■ Your task: Starting at the line that contains "Dr Horton 5 Bedroom Floor Plans - mangaziez" and ending at the line that contains "Thor Handschuhe Rebound", the lines below are to be given again exactly, with nothing added.

■ Data provided:
⁂
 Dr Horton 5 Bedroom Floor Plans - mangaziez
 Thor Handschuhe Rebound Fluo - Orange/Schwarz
⁂
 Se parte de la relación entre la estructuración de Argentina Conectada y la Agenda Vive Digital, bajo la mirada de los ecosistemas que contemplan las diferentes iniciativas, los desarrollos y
⁂
■ Result for this task:
 Dr Horton 5 Bedroom Floor Plans - mangaziez
 Thor Handschuhe Rebound Fluo - Orange/Schwarz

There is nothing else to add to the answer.